The CSR Group is continuing its expansion in the US heavy building materials sector with the agreement by CSR America to purchase American Limestone Company (ALC) for US$211 million, subject to regulatory approval.
ALC is a major aggregates and pre-mixed concrete producer in central and eastern Tennessee, and into Virginia, with nine hard rock quarries, currently producing around eight million tons of aggregate per year. This is equivalent to almost 25% of CSR America’s current annual aggregates production. ALC is a division of ASARCO, Inc. which was acquired by Grupo Mexico S.A. de C.V. - a diversified mining company and one of the largest copper miners in the world - in 1999.
CSR Group Managing Director Peter Kirby said American Limestone was a significant strategic acquisition which would enable CSR America (CSRA) to continue its development of strong regional positions and ongoing profitable growth.
"ALC is a further move towards building CSRA’s US operations, and represents a major ‘step out’ in the aggregates sector.
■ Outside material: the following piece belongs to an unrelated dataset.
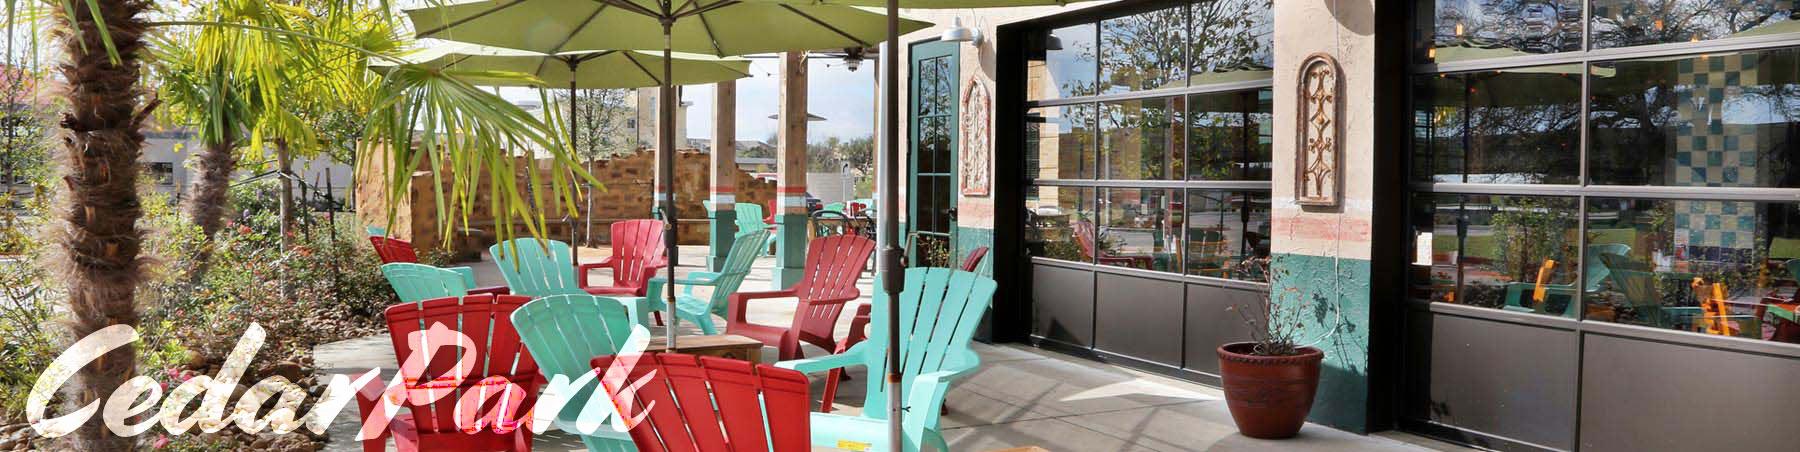 Lupe Tortilla Mexican Restaurants Cedar Park

It is a valuable strategic acquisition - extending the CSRA footprint with substantial market positions in a new region, adjoining the current position in Georgia, and adding to CSRA’s strong presence in the south east US. We expect CSRA to build on this business in the future, further strengthening ALC’s market positions in Tennessee and adjoining regions," said Mr Kirby.
"Opportunities in this region are also enhanced by Tennessee’s high level of federal infrastructure spending over the next few years, and the region’s higher than average projected population growth rates - both of which are key drivers of construction activity and aggregates consumption.
"ALC also has extensive aggregates reserves - a prized resource," he said.
ALC has a 42 year history in the aggregates industry, and operates hard rock quarries in areas around Knoxville, Nashville and the Tri-Cities area (north east Tennessee / south west Virginia). The company produces construction aggregates, pre-mixed concrete (in six concrete plants) and agricultural limestone, selling its products in Tennessee, Virginia, Kentucky, North Carolina and South Carolina.
ALC has high levels of valuable aggregate reserves - more than 500 million tons or around 70 years of permitted reserves, together with extensive unpermitted reserves.
Tennessee and Virginia are among the US states which have both above average population growth, and above average growth in their funding allocation under the US Government’s Transport Equity Act for the 21st Century (TEA-21) US$216 billion highway infrastructure program. The TEA-21 allocation for both Tennessee and Virginia are up 60% on the previous six year program, well above the national average of 45%. More than 40% of ALC’s end markets are currently in the roads and highway sector. Population growth in ALC’s market regions in 2000-2020 is projected at 37% above the national average.
ALC is projected to be earning above its cost of capital in its first full year of ownership (year ended March 2002). The business is also forecast to be earnings per share positive in the same year. The ALC purchase price of US$211 million includes all plant and equipment and working capital. It also includes tax election benefits - which CSRA will be entitled to claim - with an estimated value of around US$34 million.
CSRA CEO David Clarke said ALC was a quality operation and CSRA had identified a number of further improvement opportunities to enhance performance.
"These opportunities, together with various operational synergies, will be implemented as soon as possible after the purchase is concluded," he said.
With the agreement to purchase announced today, CSR America has invested over US$550 million in the US since March 1998. This includes the US$147 million new dry-process cement mill in Miami, Florida which is now in operation and will produce over 1 million tons of cement per annum. New concrete pipe plants producing a total of over 350,000 tons of pipe have also been completed in Miami, Washington, D.C., and Columbia, South Carolina. New plants are also under construction in Houston, Texas and Alexandria, Louisiana.
CSR America has operations in 29 states across the U.S., with operations in quarries and cement, pre-mixed concrete, pipe and concrete products, and distribution. In the year ended March 2000, CSRA trading revenue rose 15% to US$1,726 million and EBIT rose 44% to US$211 million. CSRA represents 46% of CSR Group revenue.